[[ Available records, beginning ]]

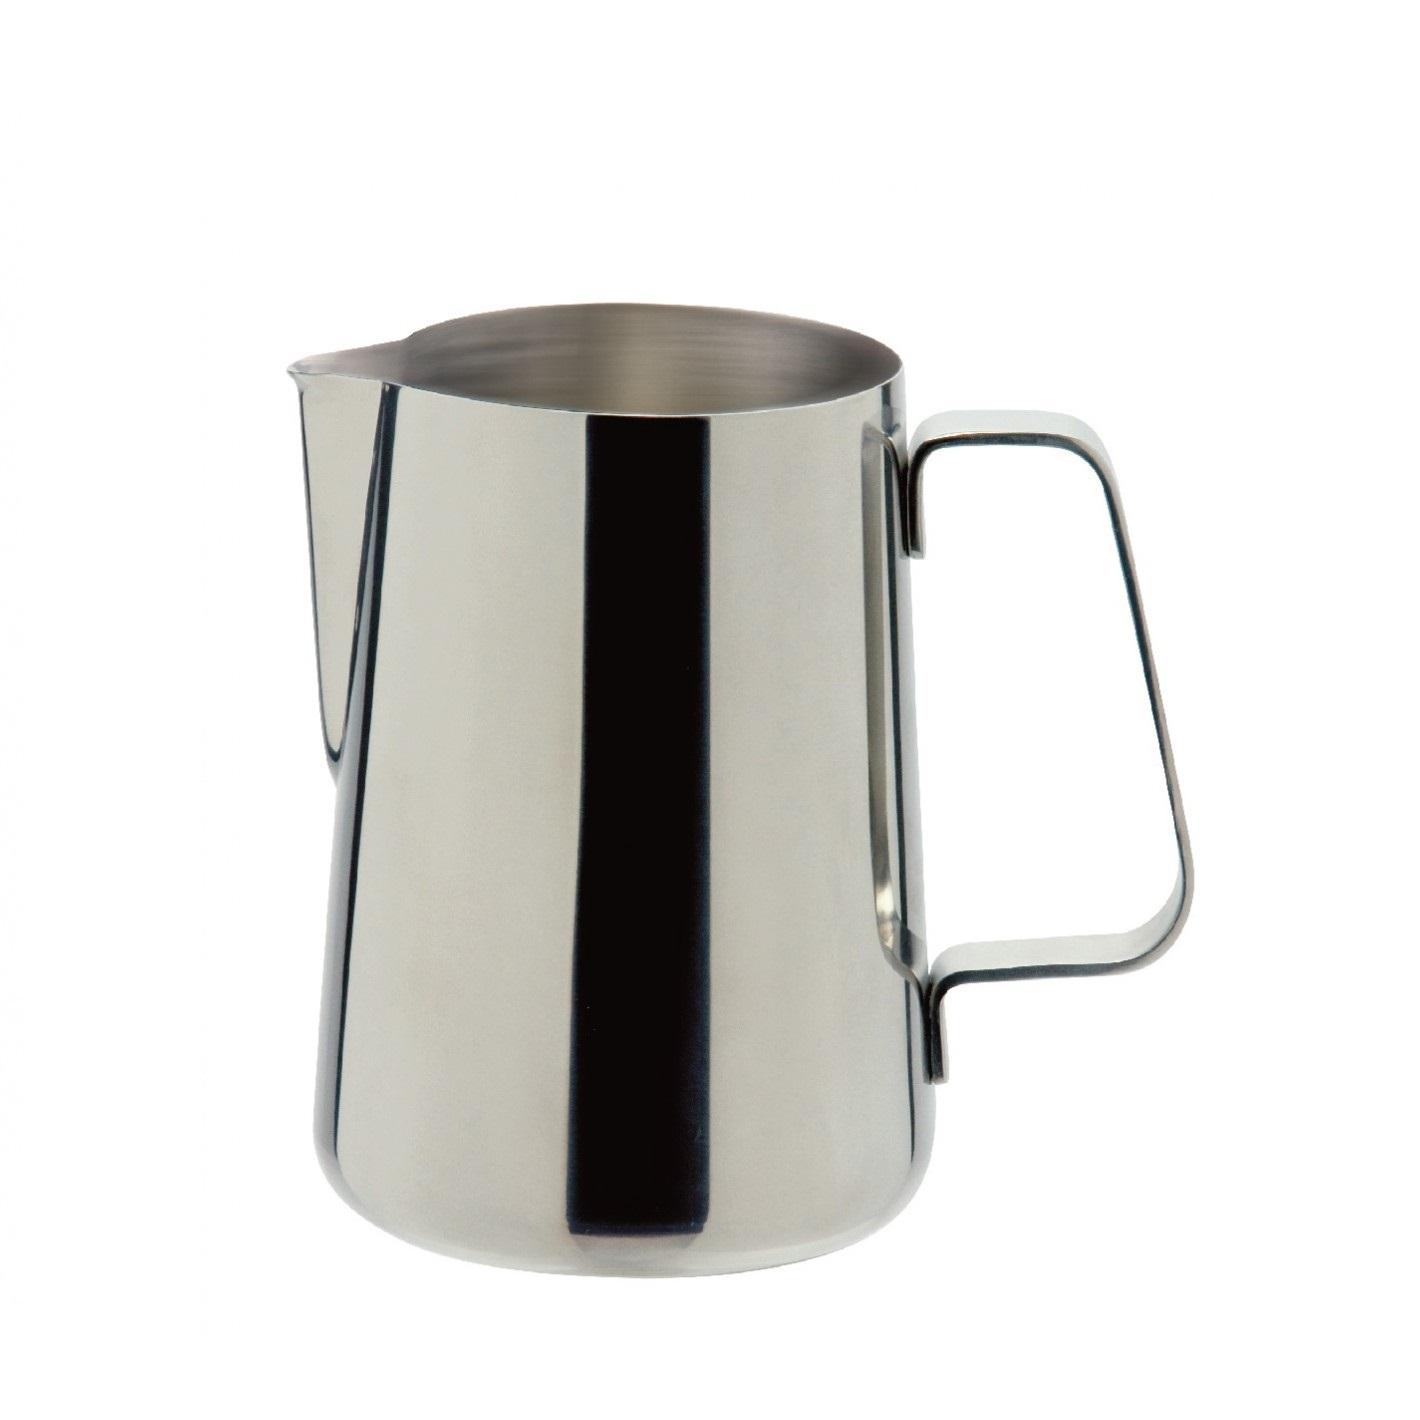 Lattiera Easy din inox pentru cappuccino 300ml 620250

[[ Available records, end ]]
[[ Available records, beginning ]]

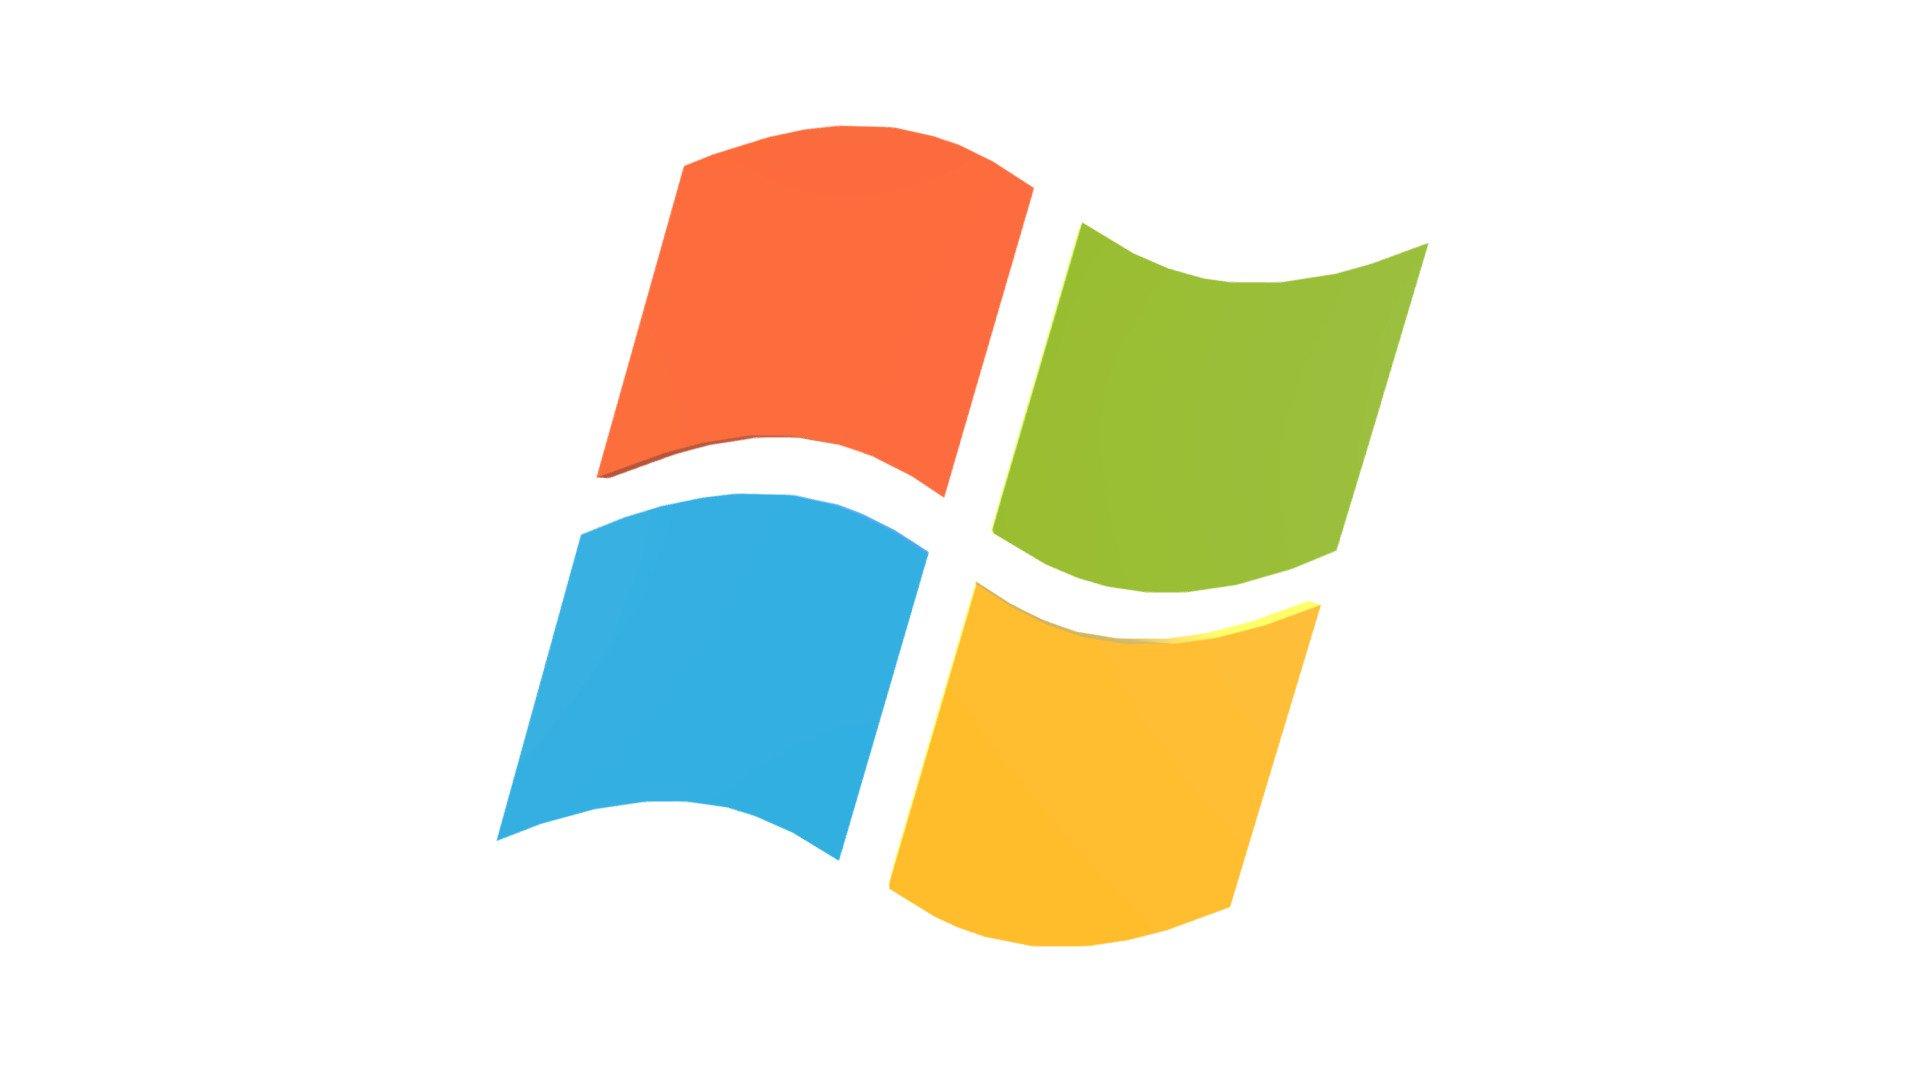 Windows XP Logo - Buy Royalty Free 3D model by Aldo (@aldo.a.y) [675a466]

[[ Available records, end ]]
[[ Available records, beginning ]]

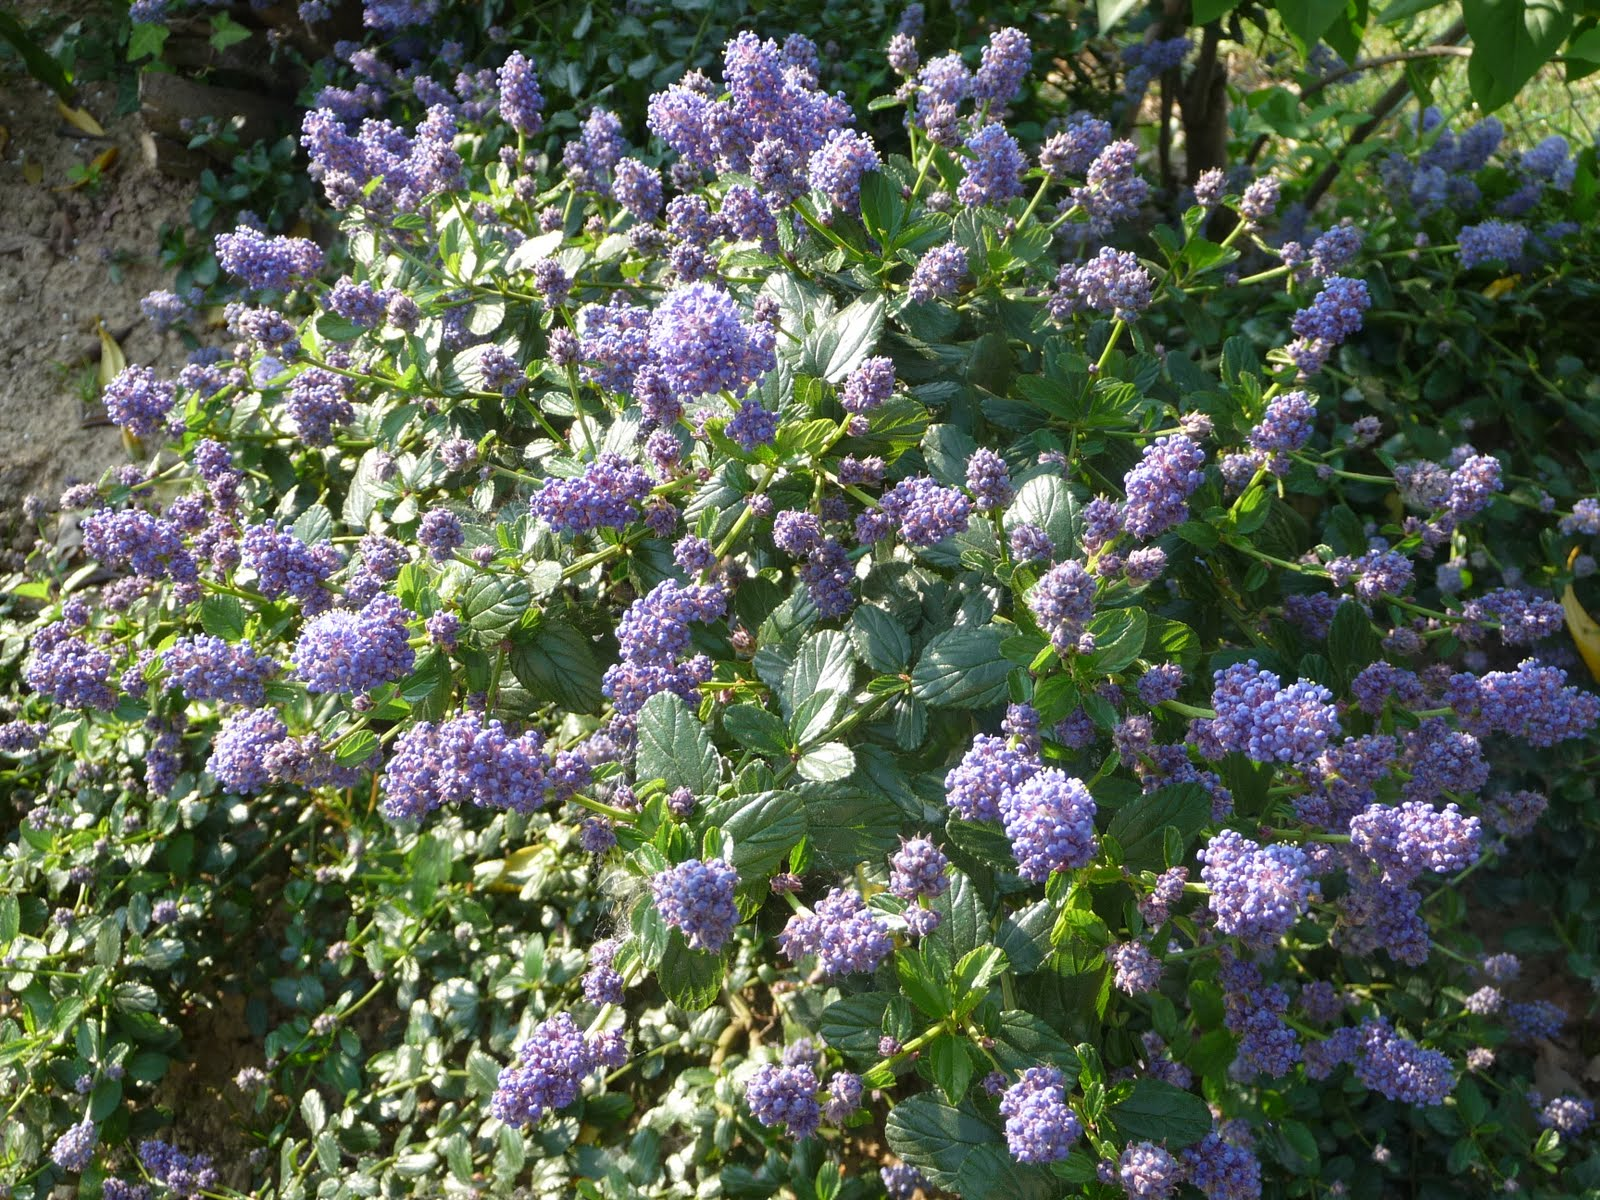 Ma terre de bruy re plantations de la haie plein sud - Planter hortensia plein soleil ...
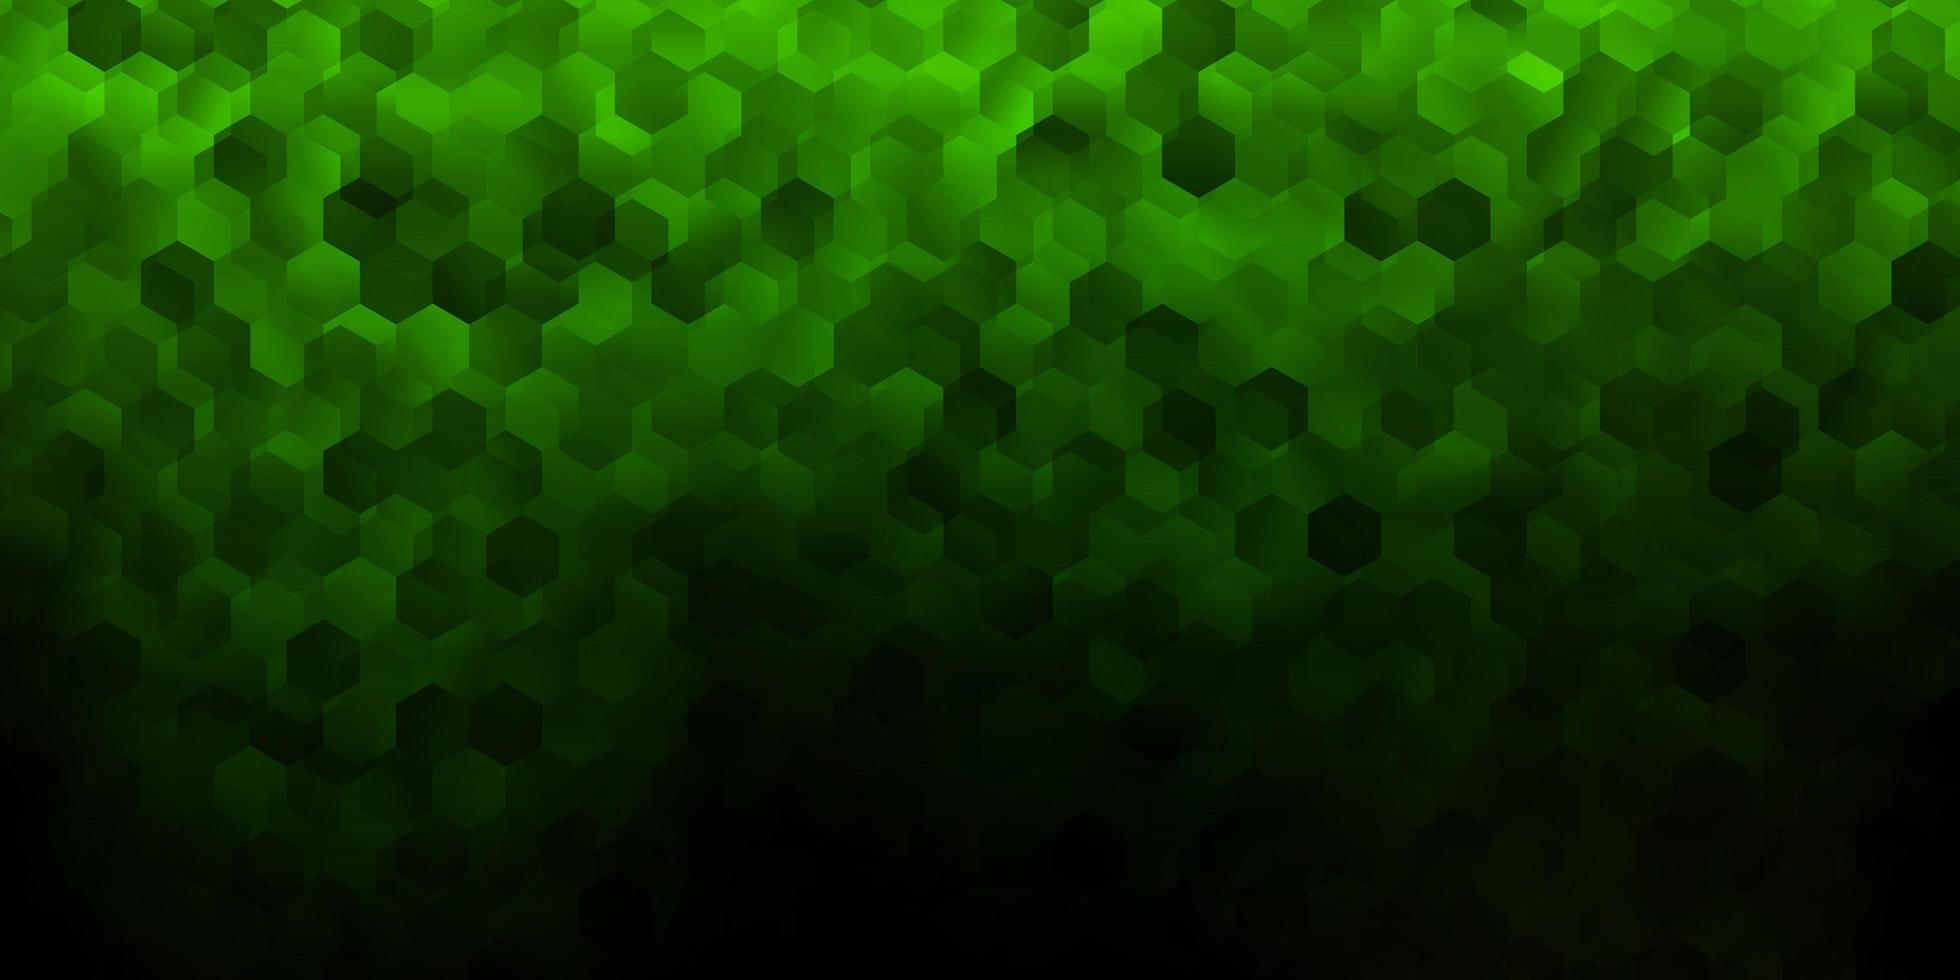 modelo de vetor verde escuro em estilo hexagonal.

[[ Available records, end ]]

Beginning with the line above that contains "Ma terre de" and ending with the line that contains "modelo de vetor", quote each line exactly, keeping out the pictures.

**Output of the task**.
 Ma terre de bruy re plantations de la haie plein sud - Planter hortensia plein soleil ...
 modelo de vetor verde escuro em estilo hexagonal.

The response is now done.